Venue of cyber libel - As a general rule, the venue of libel cases where the complainant
is a private individual is limited to only either of two places, namely: 1) where the complainant
actually resides at the time of the commission of the offense; or 2) where the alleged defamatory
article was printed and first published (Article 360 of the Revised Penal Code).

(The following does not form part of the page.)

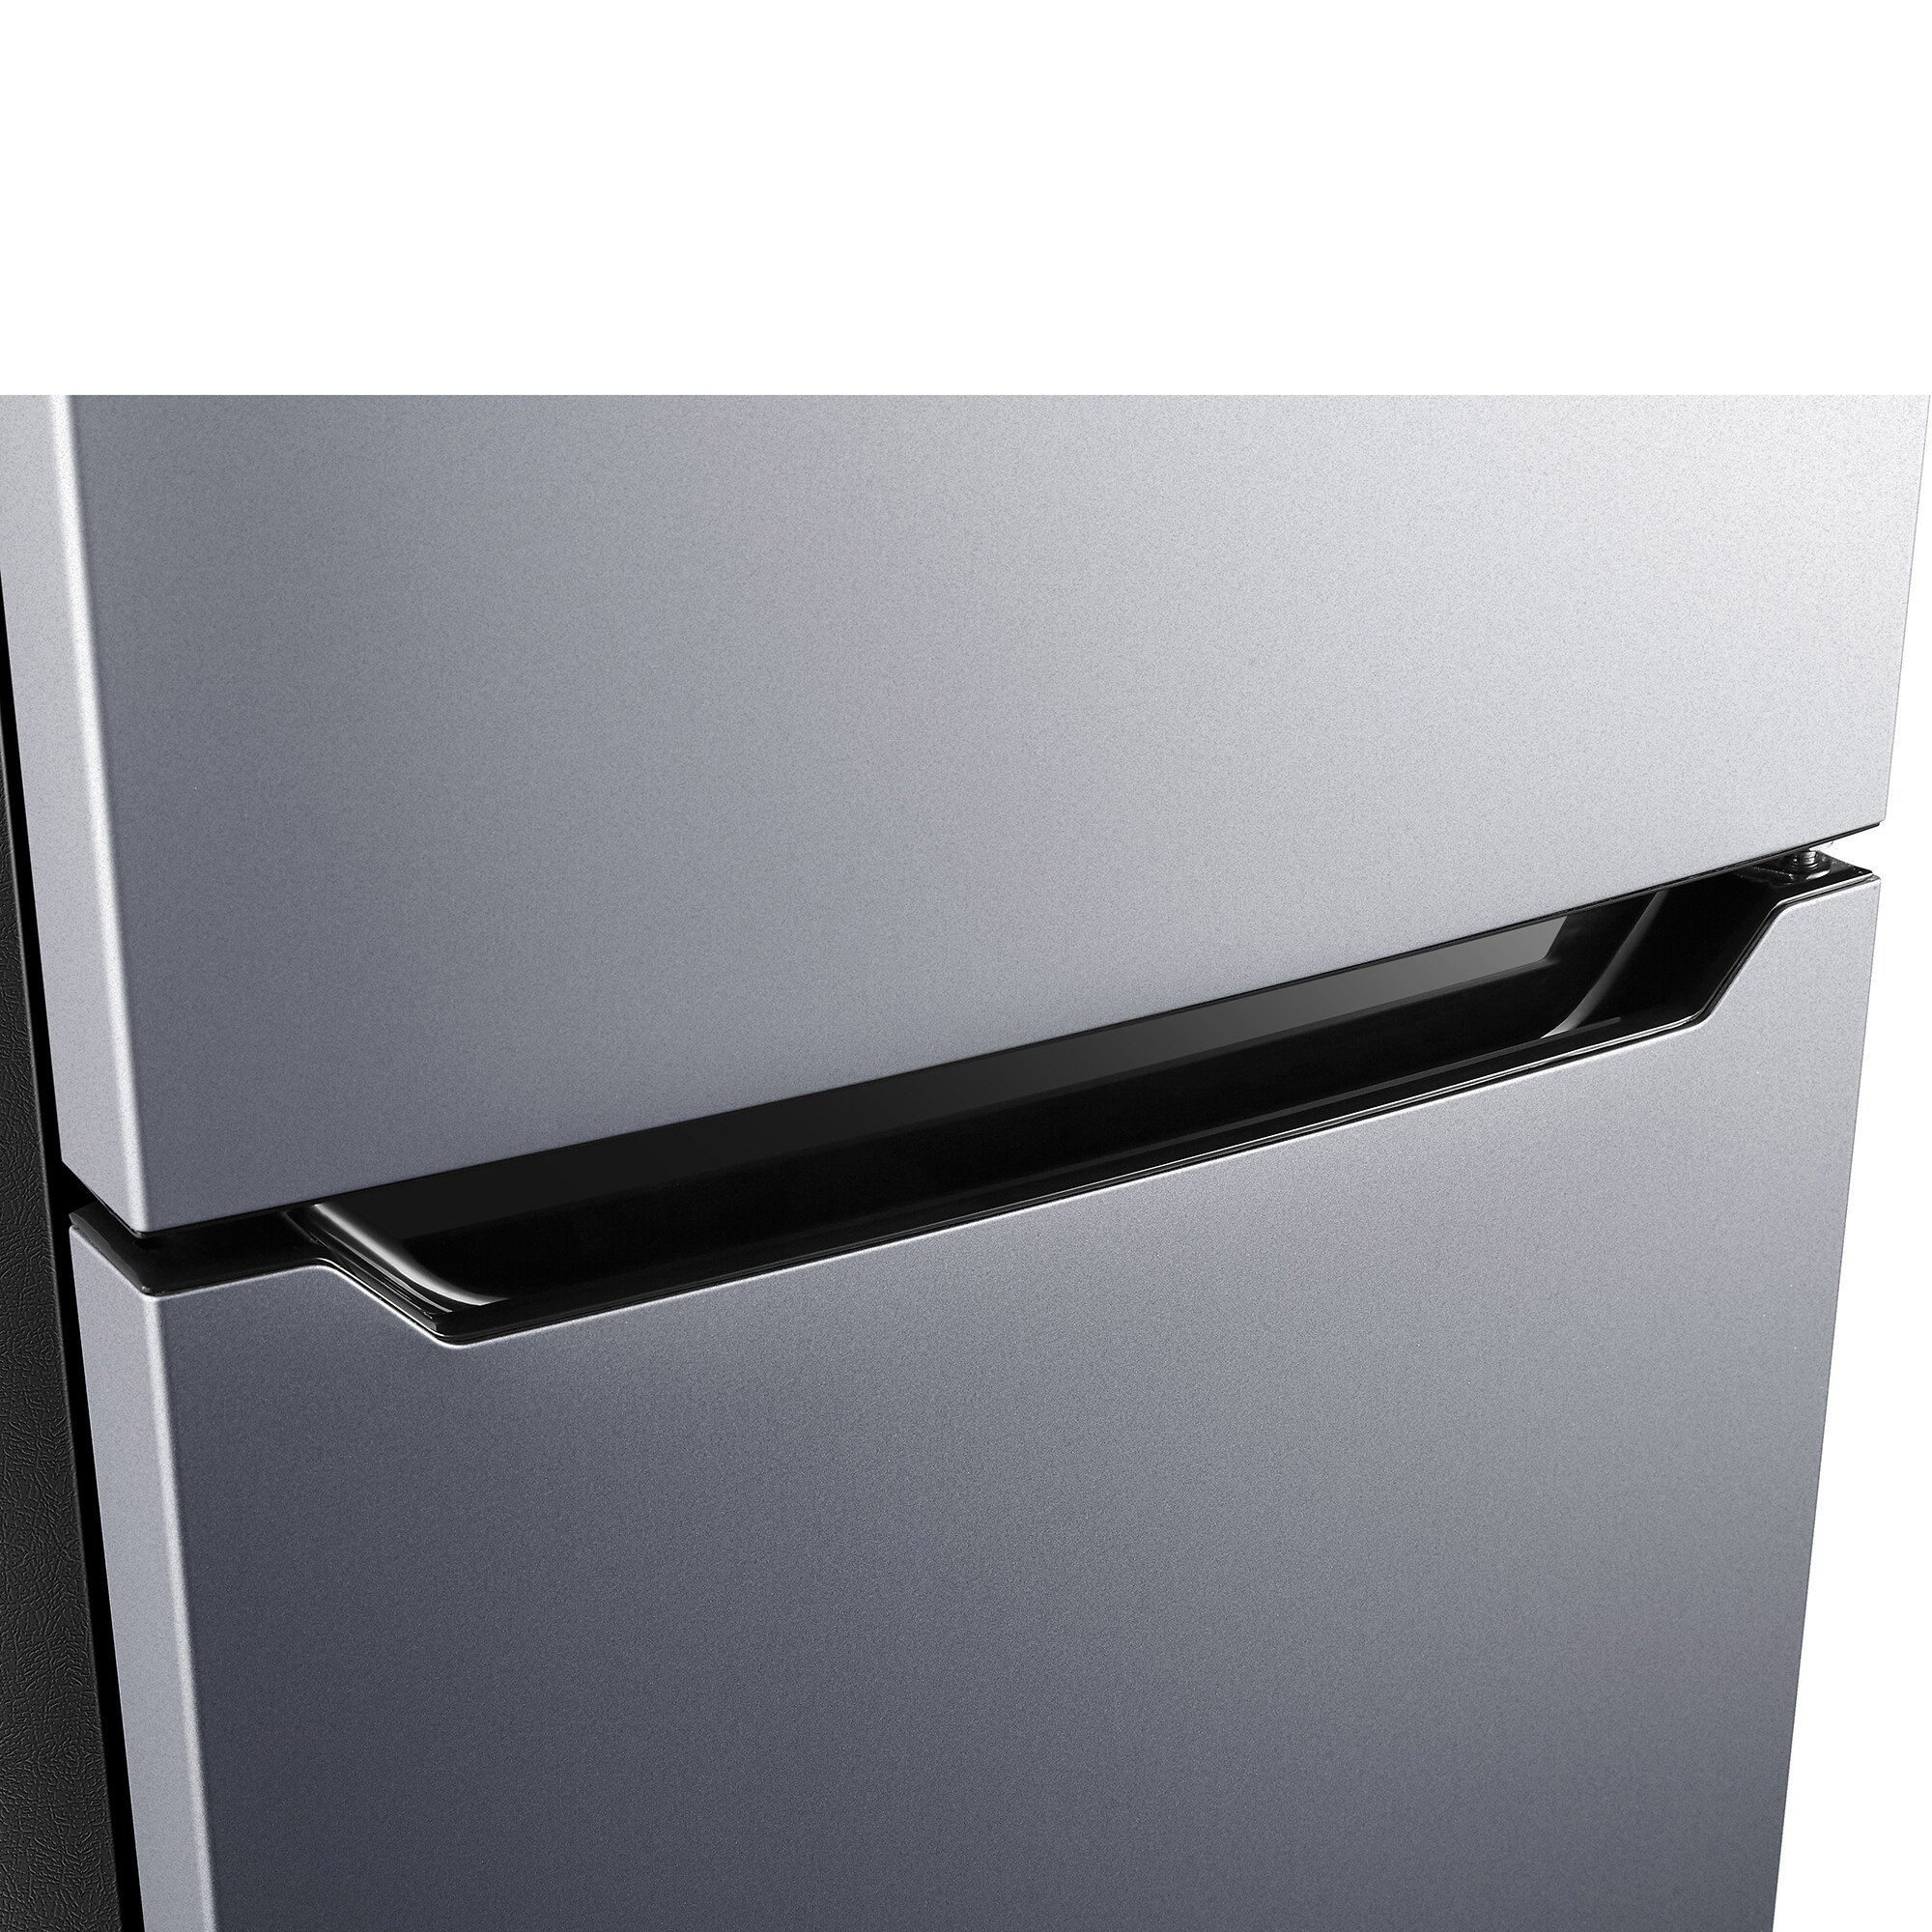 KDN30N12E8 free-standing fridge-freezer with freezer at top

However, the place where libelous article was accessed by the offended party in the
internet is not equivalent to the place where the libelous article is printed and first
published within the contemplation of the rule on venue under Article 360 of the Revised Penal
Code.

To rule otherwise is to allow the evil sought to be prevented by the amendment to Article
360, and that was the indiscriminate or arbitrary laying of the venue in libel cases in distant,
isolated or far-flung areas, meant to accomplish nothing more than harass or intimidate an
accused. The disparity or unevenness of the situation becomes even more acute where the
offended party is a person of sufficient means or possesses influence, and is motivated by spite
or the need for revenge.

To equate the “first access to the defamatory article on website” with "printing and first
publication of the article" would spawn the very ills that the amendment to Article 360 of the
RPC sought to discourage and prevent. It hardly requires much imagination to see the chaos
that would ensue in situations where the website’s author or writer, a blogger or anyone who
posts messages therein could be sued for libel anywhere in the Philippines that the private
complainant may have allegedly accessed the offending website.

At any rate, Article 360 still allow offended party to file the civil or criminal complaint for
internet libel in their respective places of residence (Bonifacio vs. RTC, Makati, Branch 149,G.R.